Transcribe exactly the lines below that begin at the line with "Miami Florida's top" and stop after the line with "V-Cube Skill Twisting", leaving out every picture.

Supplied information:
*** Block opens ***

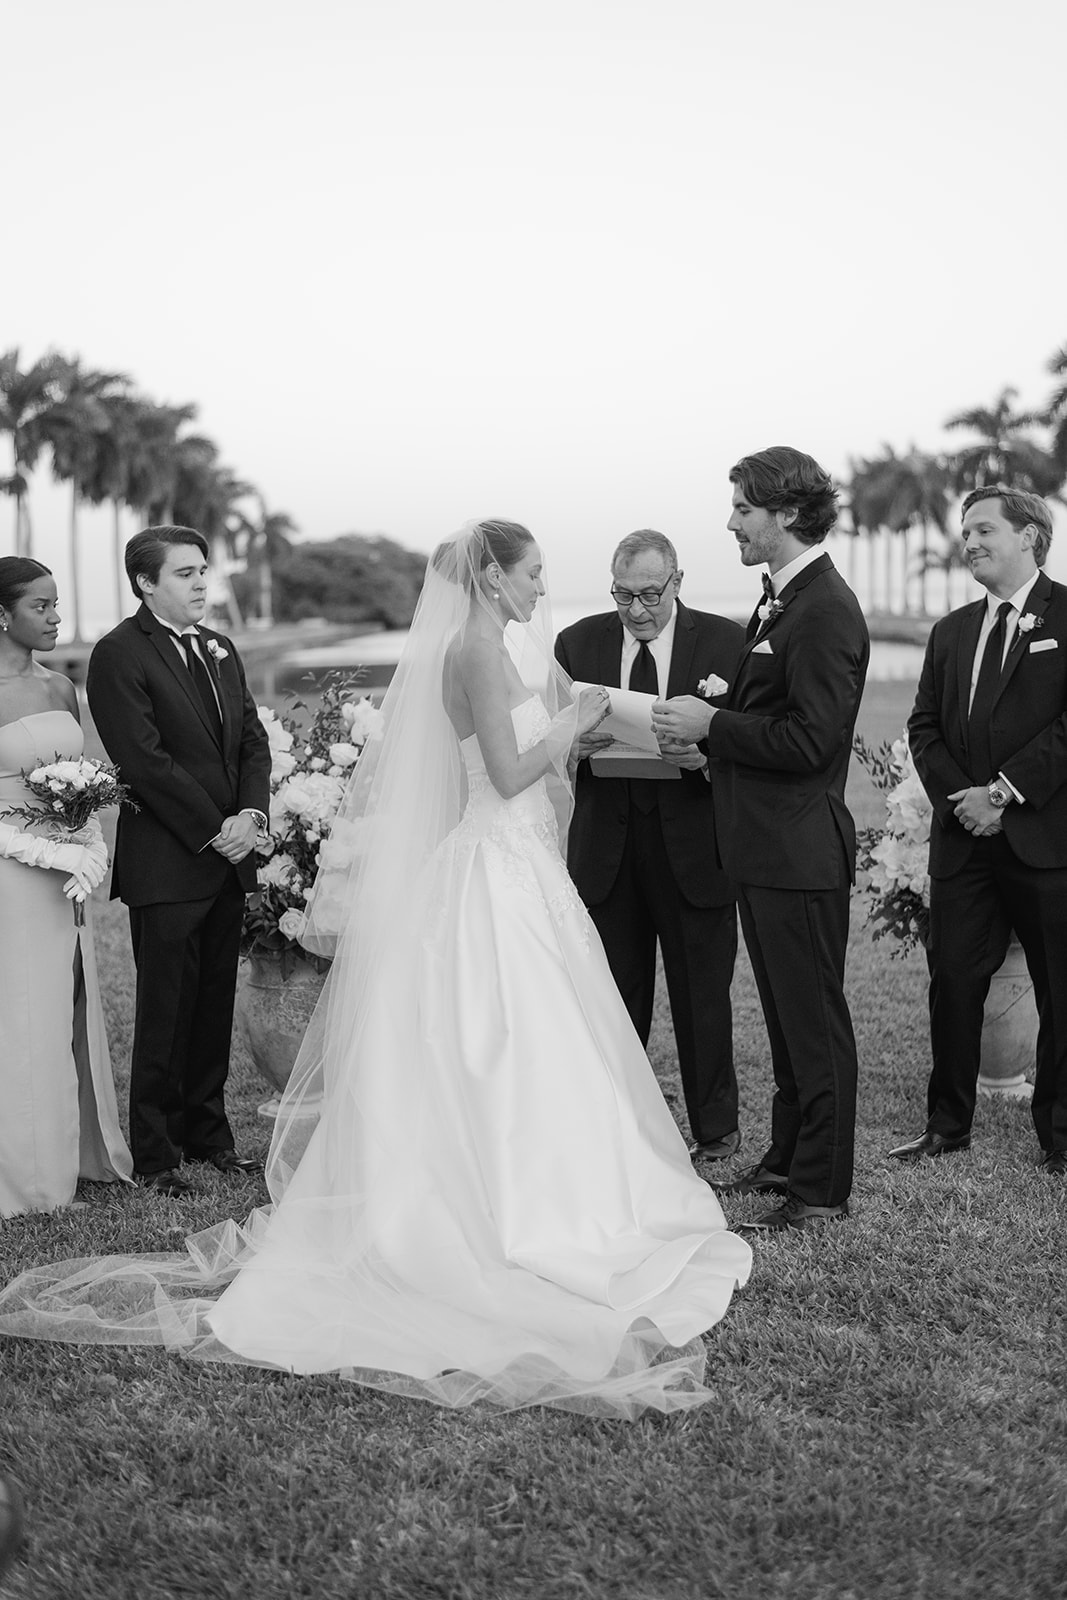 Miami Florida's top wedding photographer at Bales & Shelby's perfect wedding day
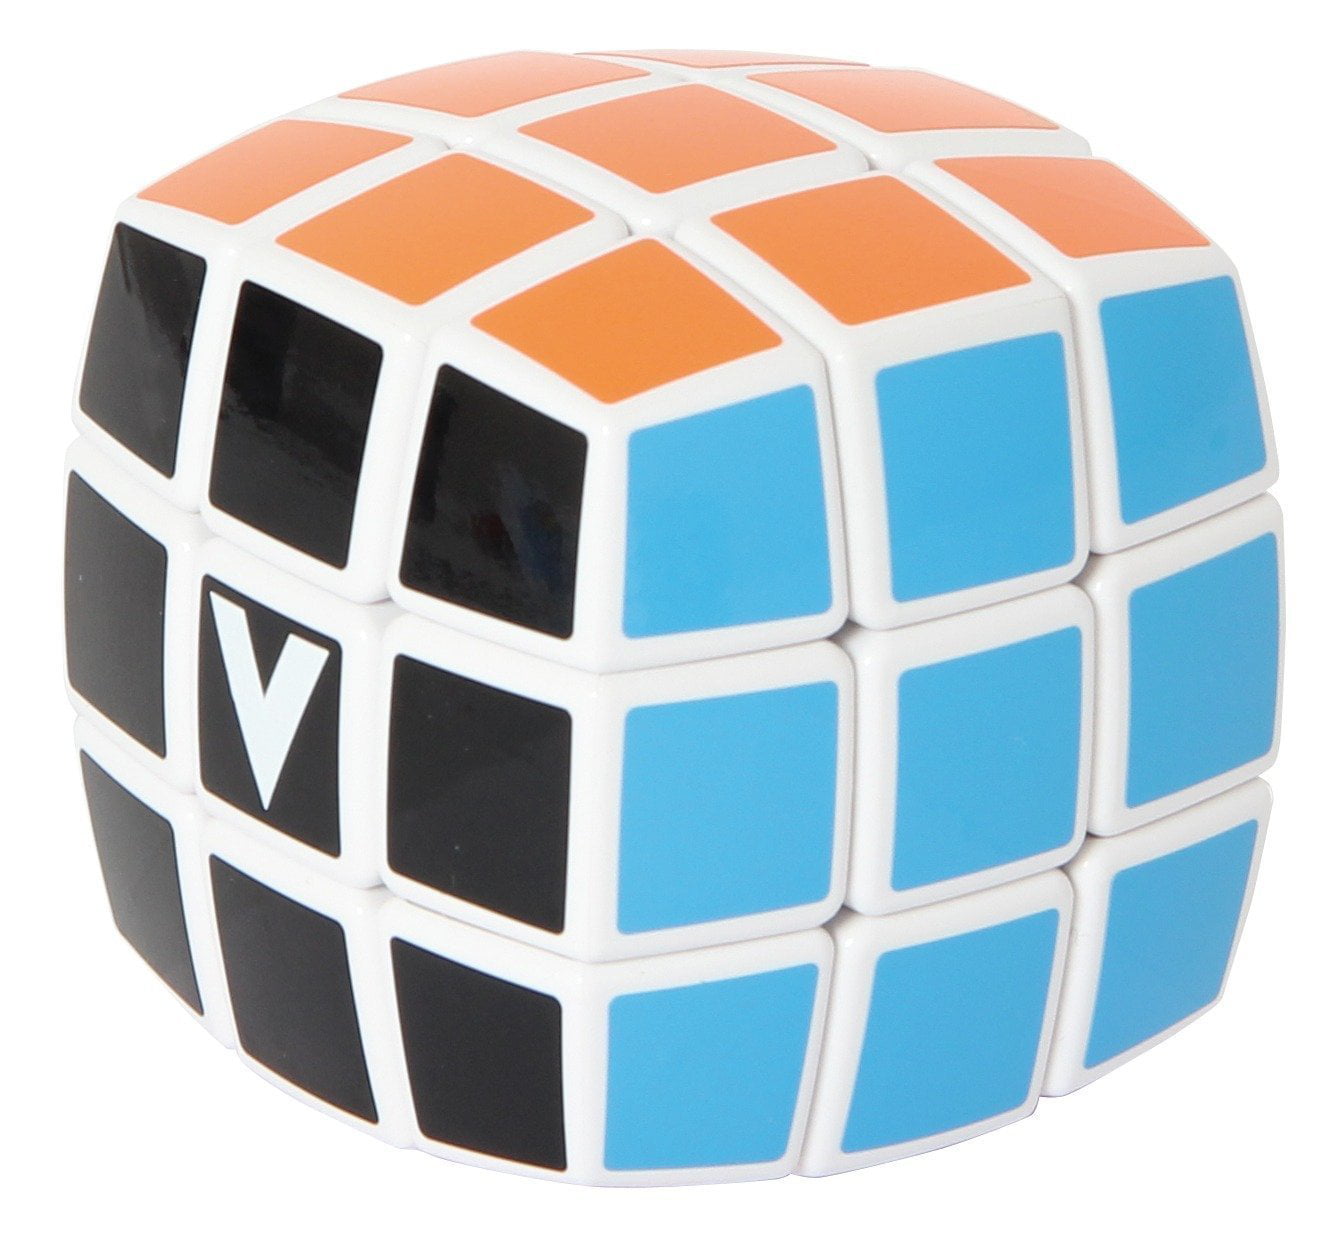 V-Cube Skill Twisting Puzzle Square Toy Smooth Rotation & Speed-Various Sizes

*** Block closes ***
*** Block opens ***

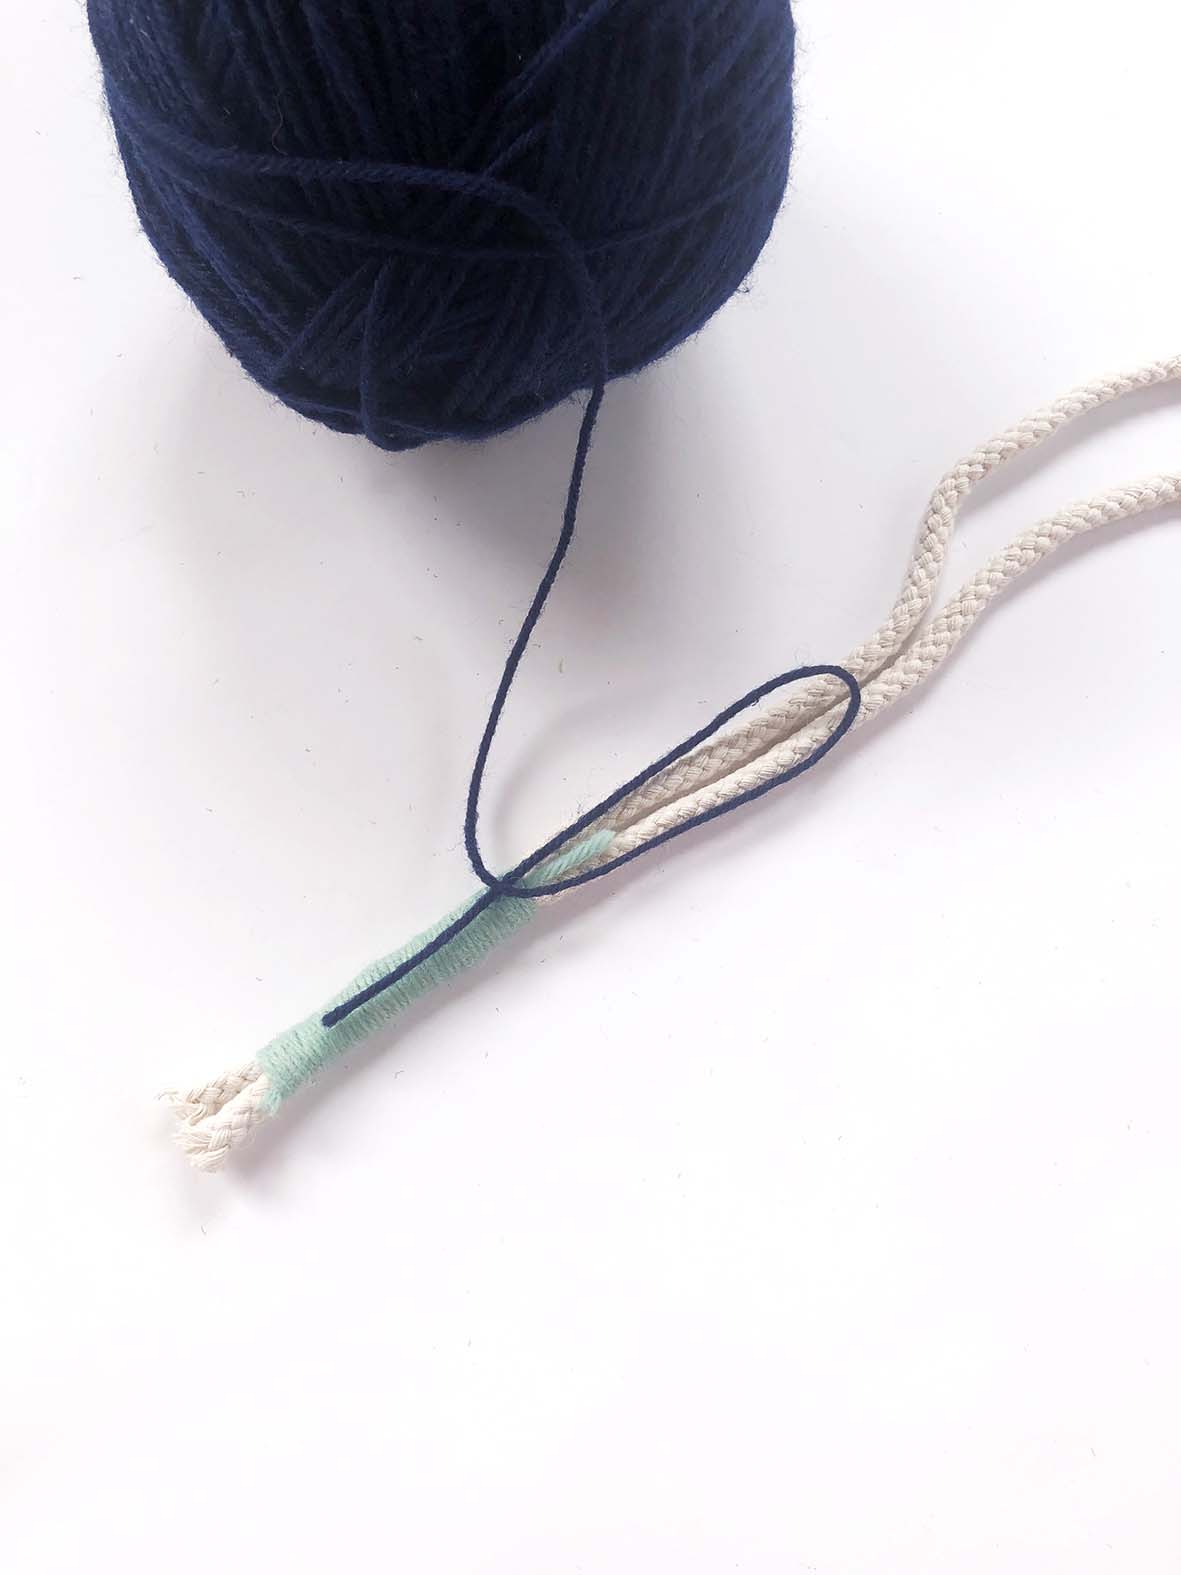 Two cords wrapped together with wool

*** Block closes ***
*** Block opens ***

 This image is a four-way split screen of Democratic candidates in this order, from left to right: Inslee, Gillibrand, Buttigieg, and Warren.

*** Block closes ***

Answer to this exercise:
 Miami Florida's top wedding photographer at Bales & Shelby's perfect wedding day
 V-Cube Skill Twisting Puzzle Square Toy Smooth Rotation & Speed-Various Sizes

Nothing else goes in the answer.